Task data:
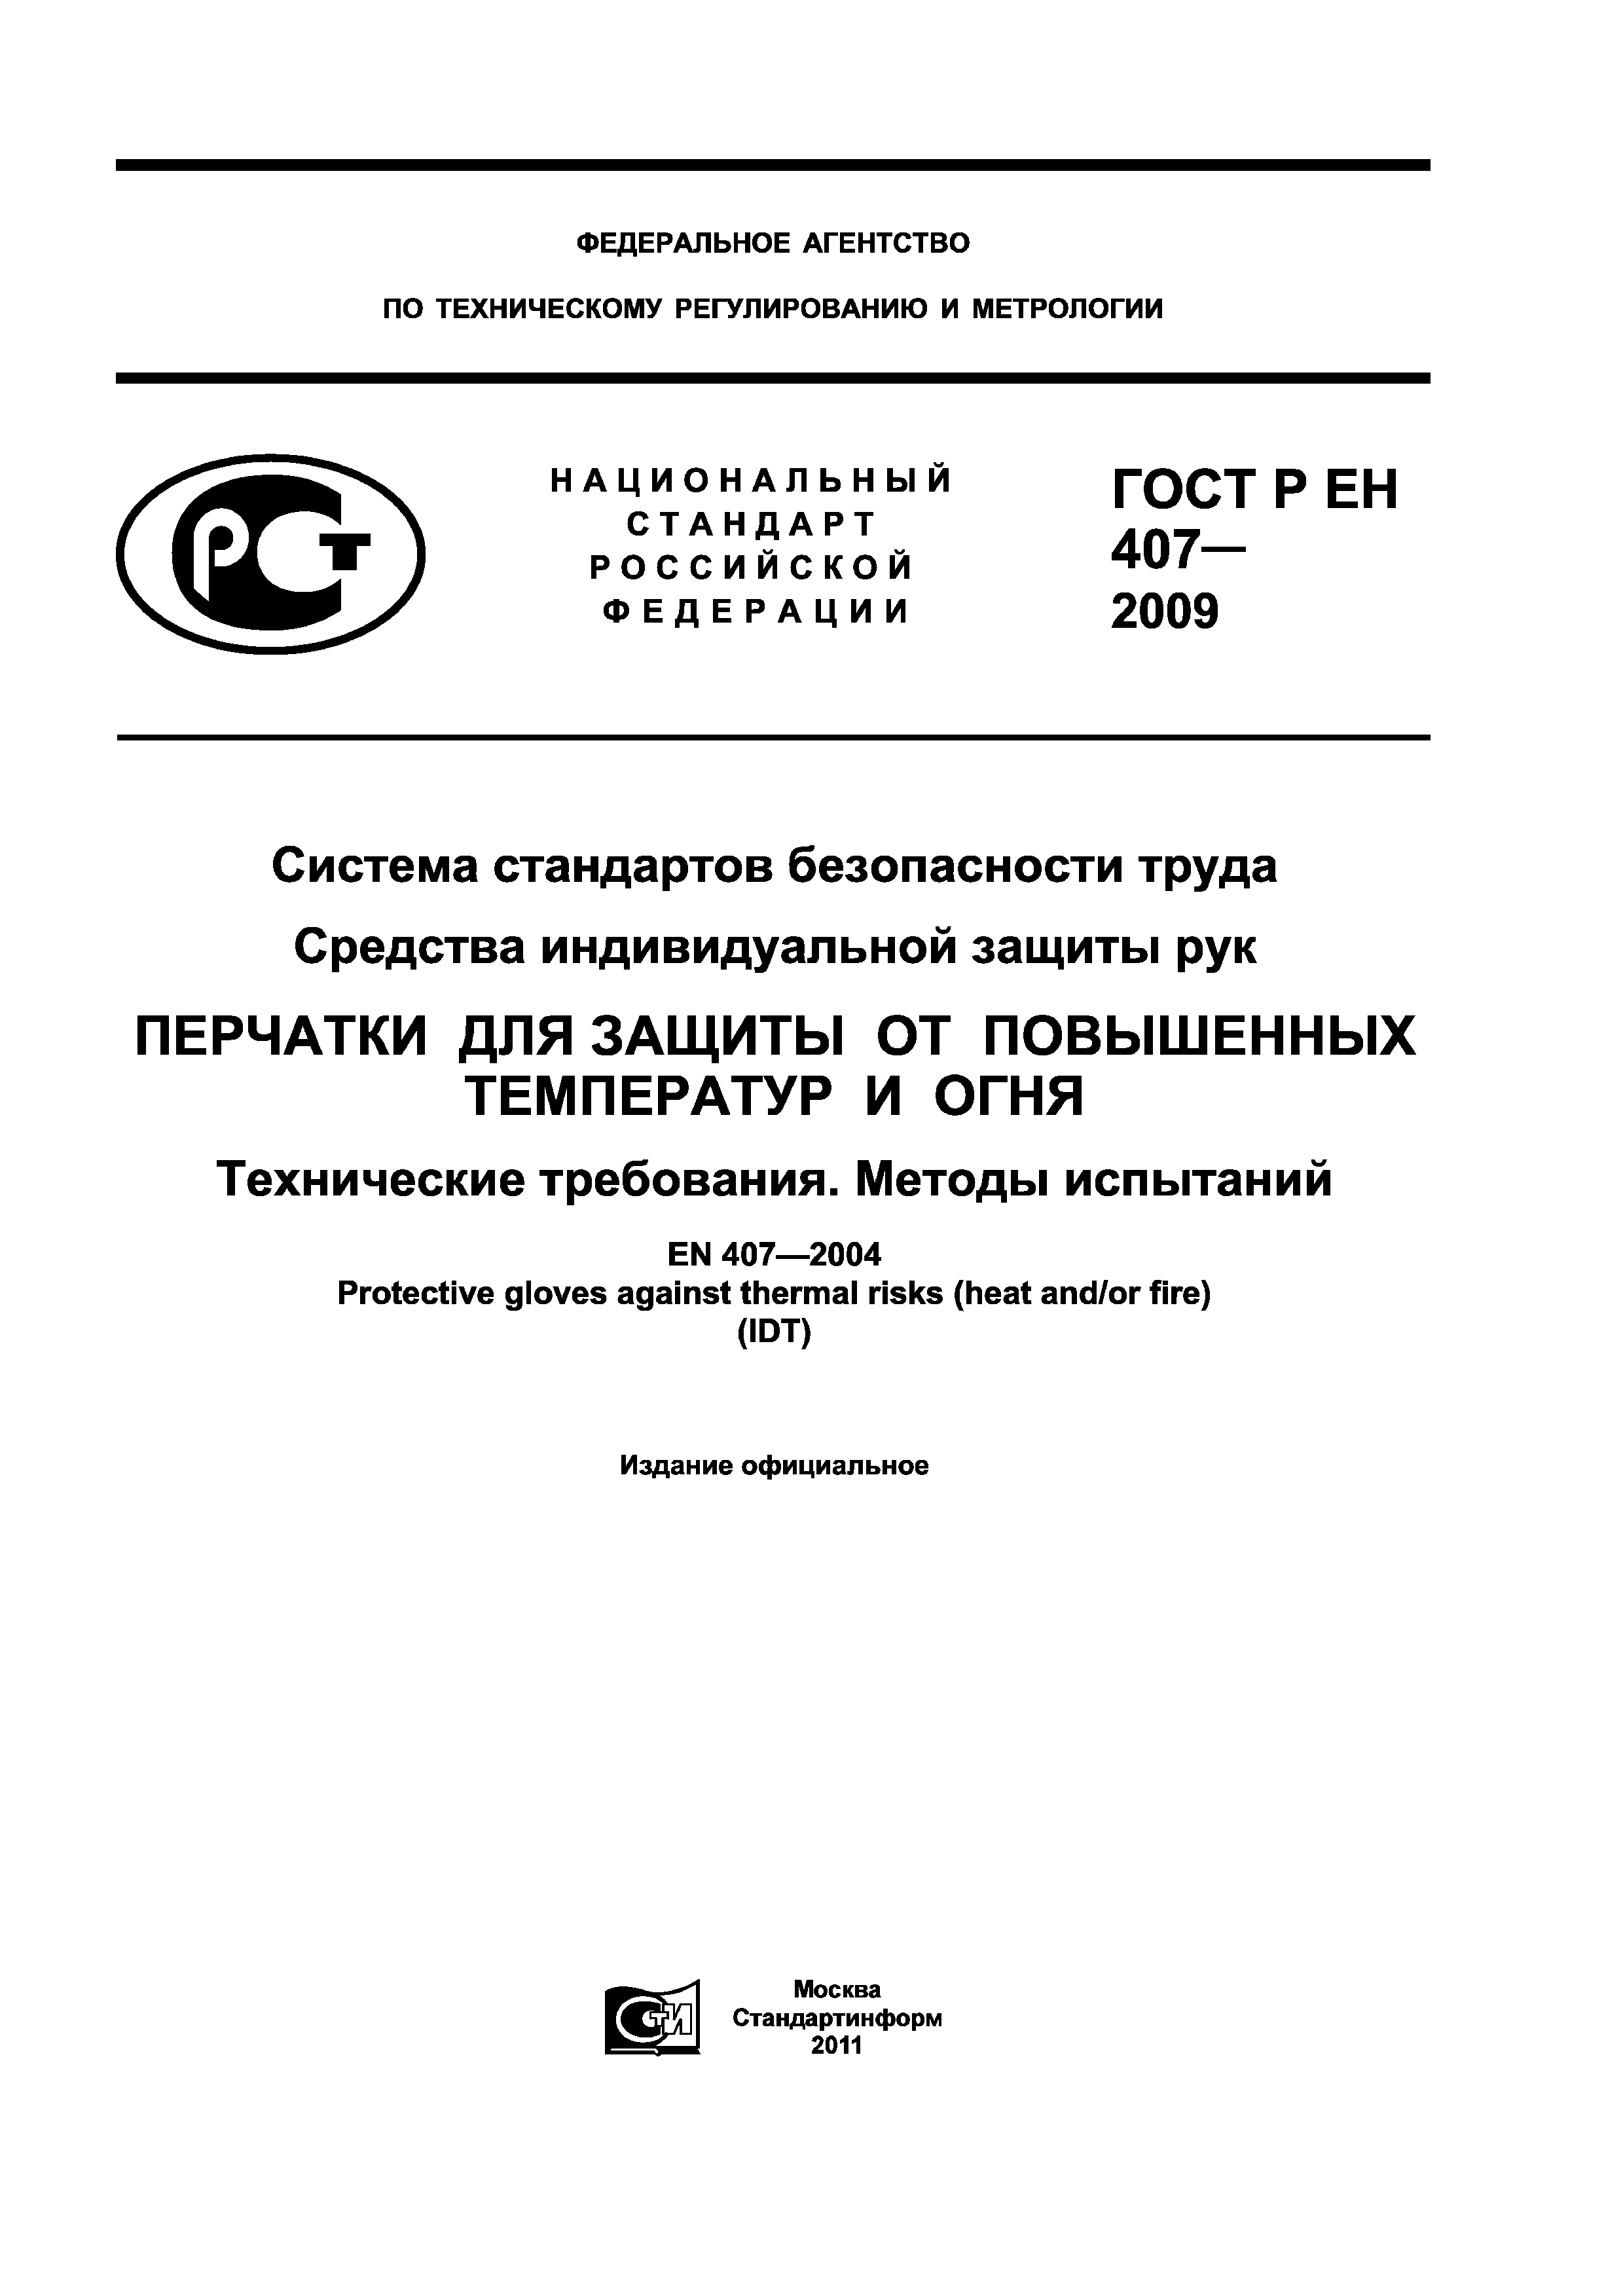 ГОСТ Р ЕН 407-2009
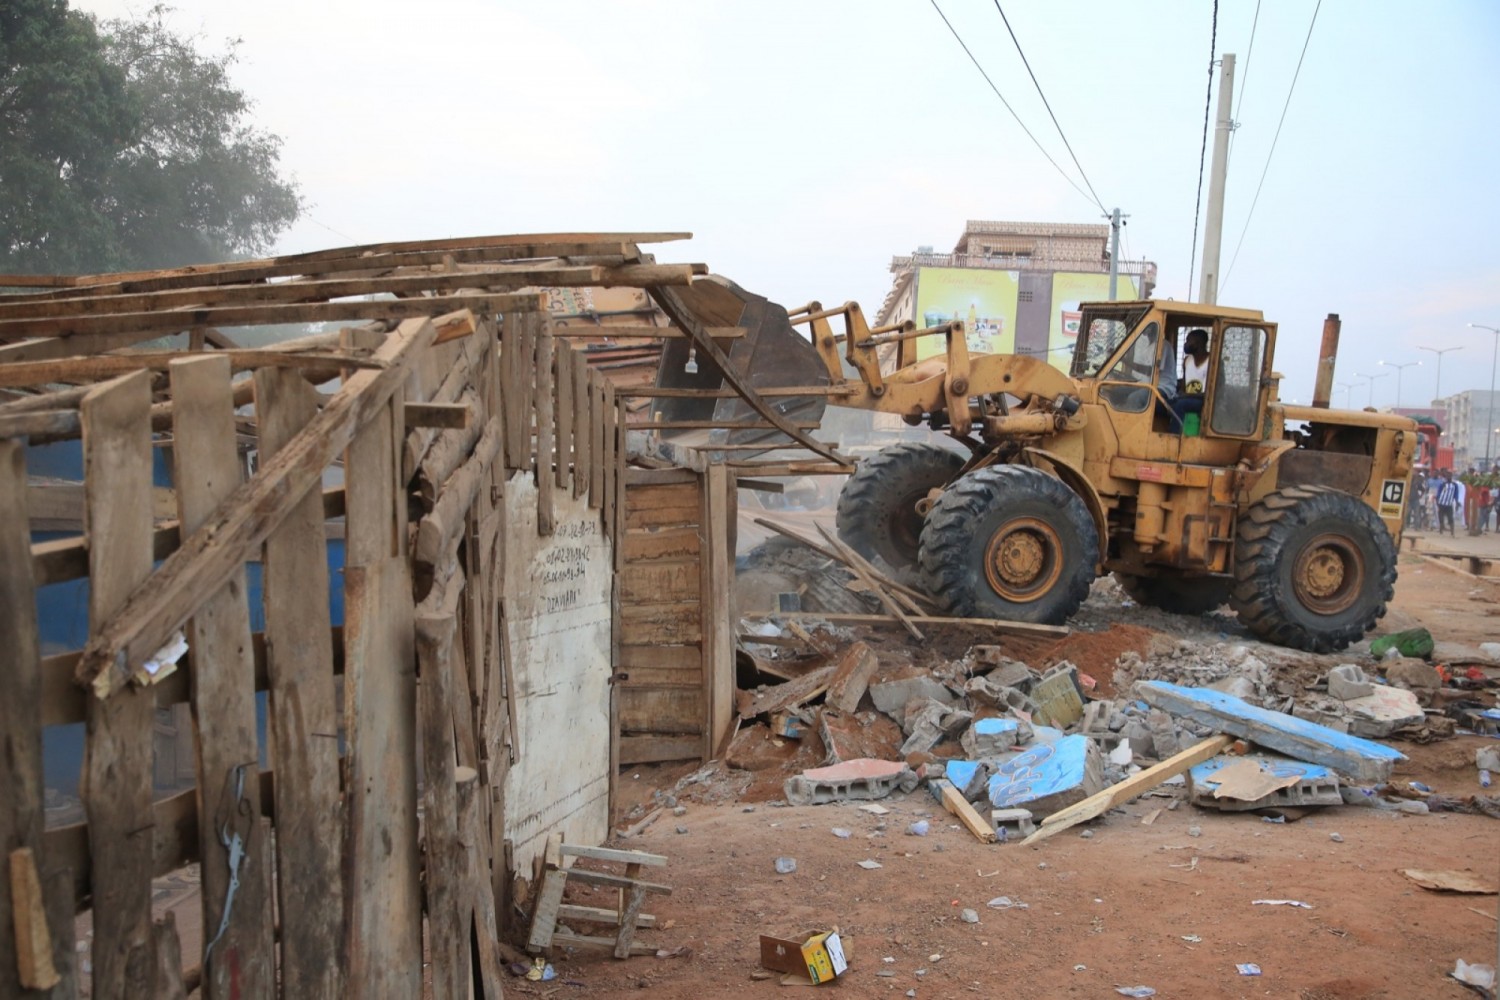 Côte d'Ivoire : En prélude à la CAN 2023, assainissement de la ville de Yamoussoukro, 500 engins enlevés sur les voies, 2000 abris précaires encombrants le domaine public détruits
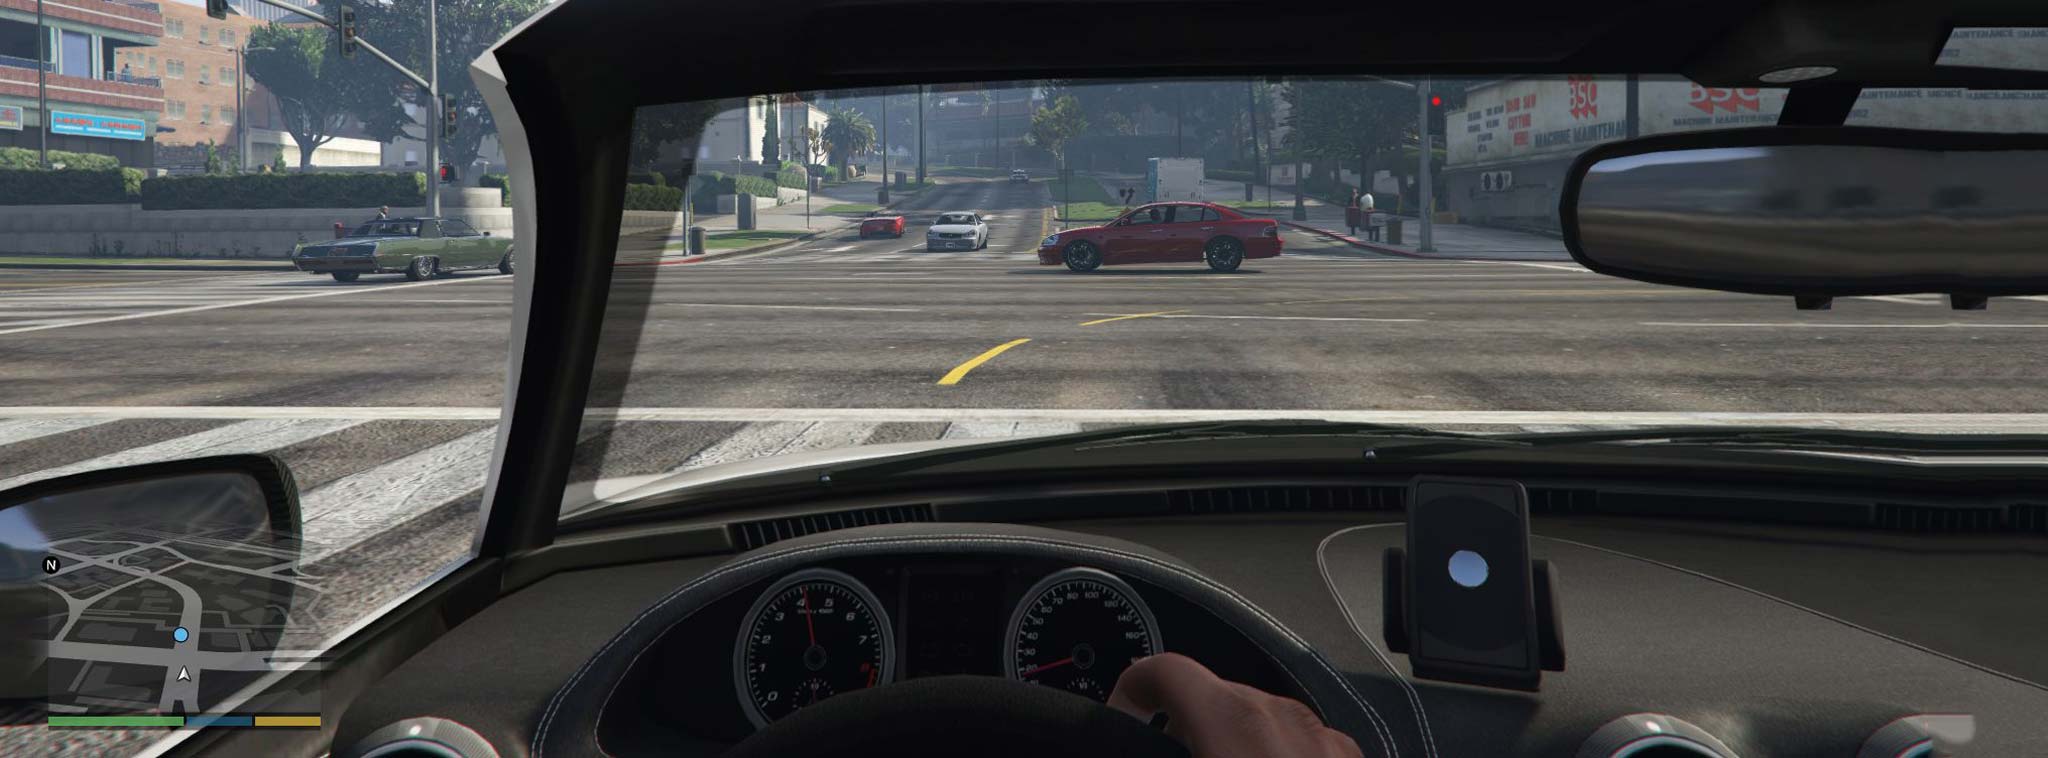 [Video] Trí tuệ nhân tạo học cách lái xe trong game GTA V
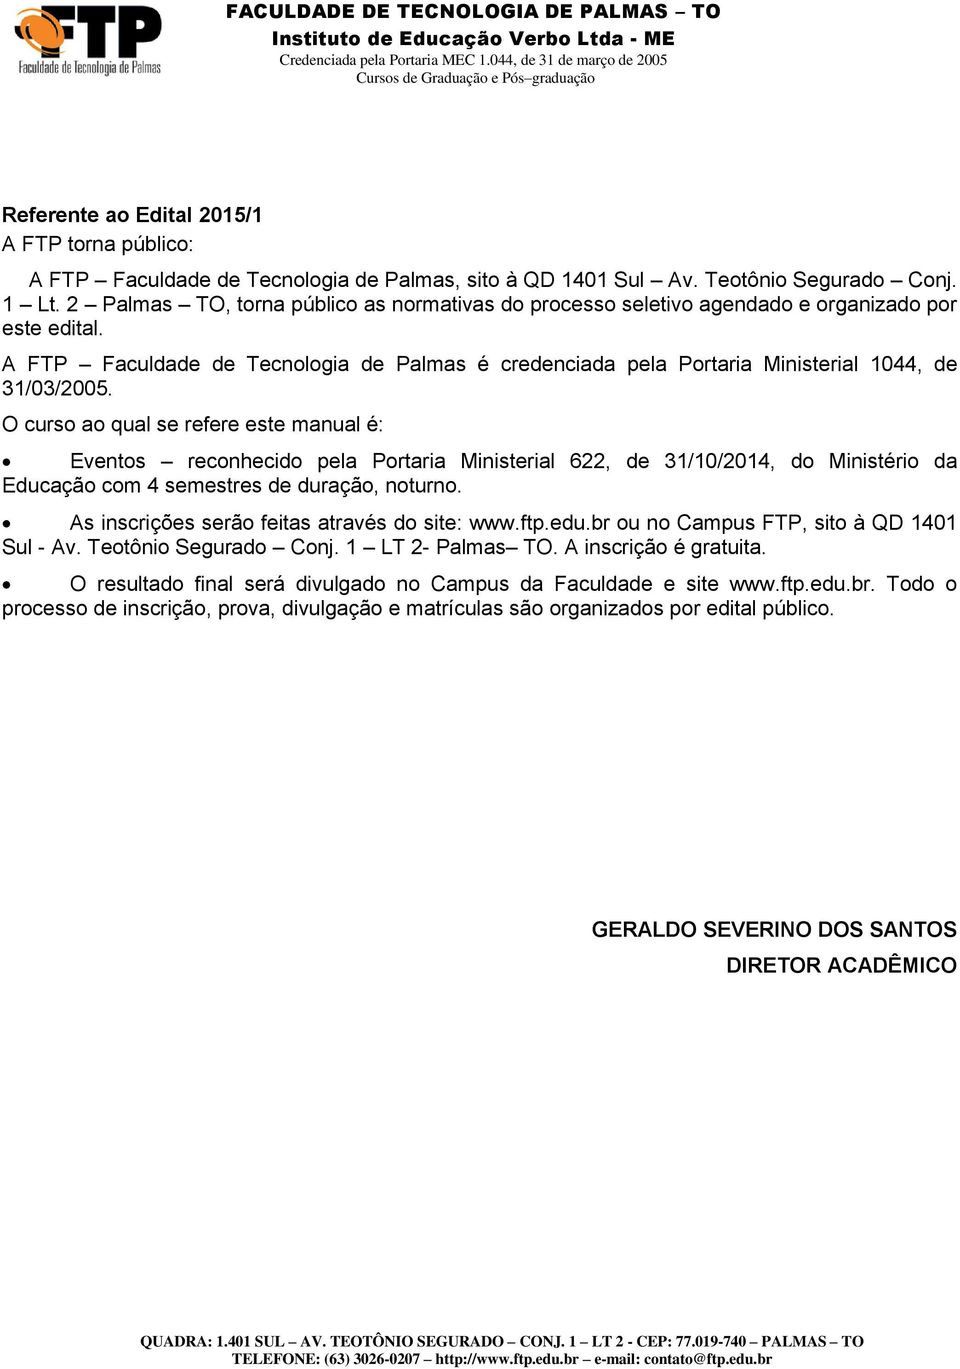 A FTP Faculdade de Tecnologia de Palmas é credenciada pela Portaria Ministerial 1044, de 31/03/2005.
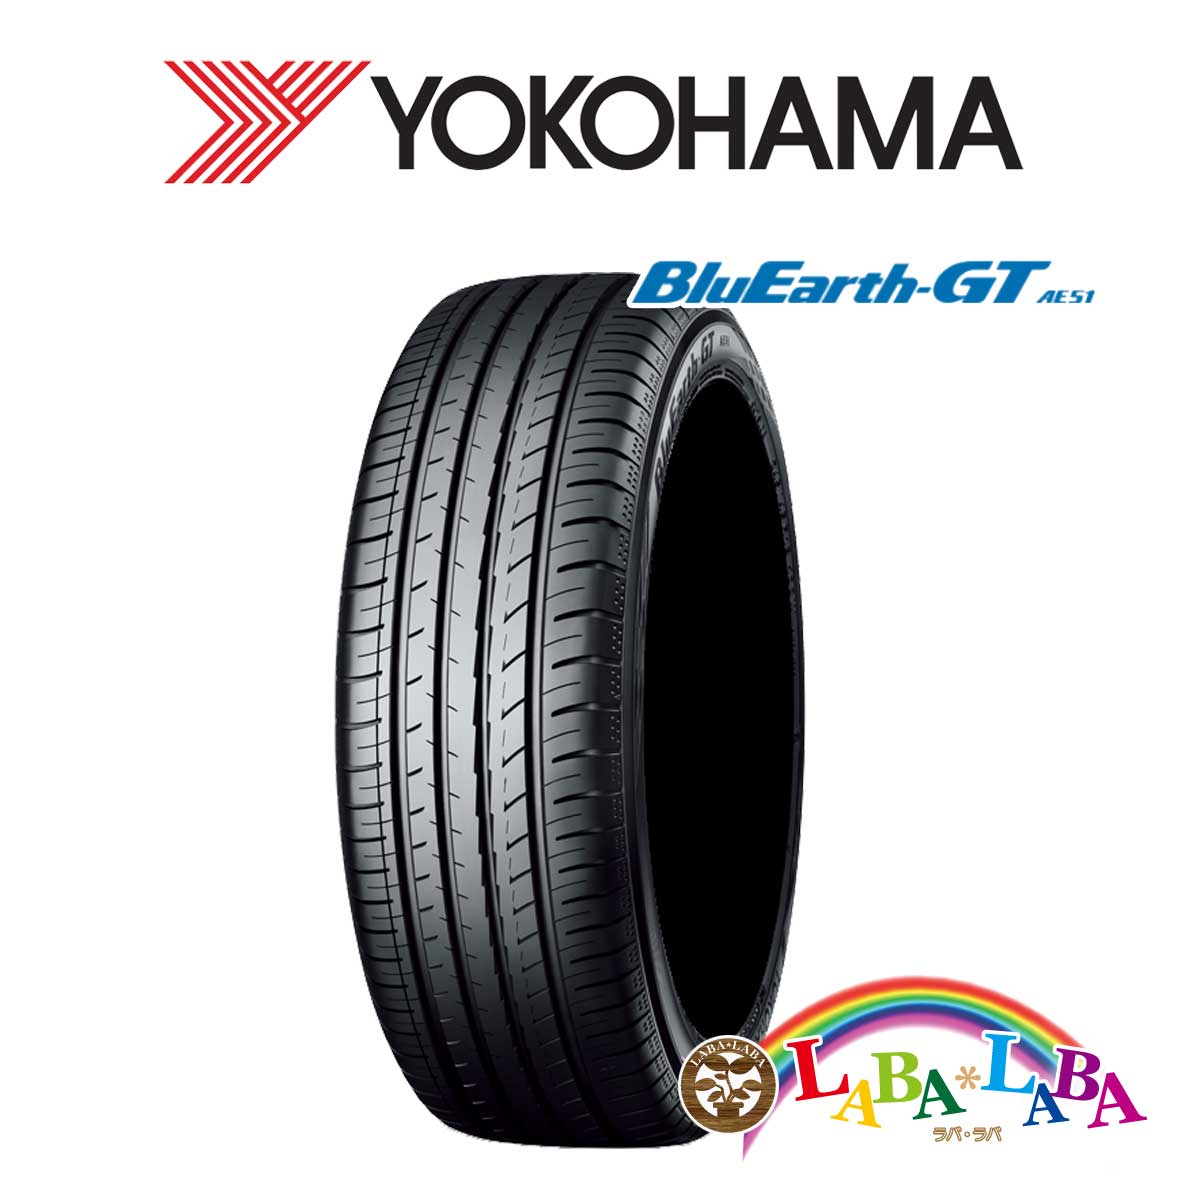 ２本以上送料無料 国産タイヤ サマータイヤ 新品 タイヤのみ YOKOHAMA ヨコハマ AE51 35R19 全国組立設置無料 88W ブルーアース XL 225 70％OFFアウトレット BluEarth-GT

The task:
Return the whole of the material above exactly, with no picture carried over.

Answer for this exercise:
 ГОСТ Р ЕН 407-2009
 Côte d'Ivoire : En prélude à la CAN 2023, assainissement de la ville de Yamoussoukro, 500 engins enlevés sur les voies, 2000 abris précaires encombrants le domaine public détruits
 [Video] Trí tuệ nhân tạo học cách lái xe trong game GTA V
 A FTP Faculdade de Tecnologia de Palmas é credenciada pela Portaria Ministerial 1044, de 31/03/2005.
 ２本以上送料無料 国産タイヤ サマータイヤ 新品 タイヤのみ YOKOHAMA ヨコハマ AE51 35R19 全国組立設置無料 88W ブルーアース XL 225 70％OFFアウトレット BluEarth-GT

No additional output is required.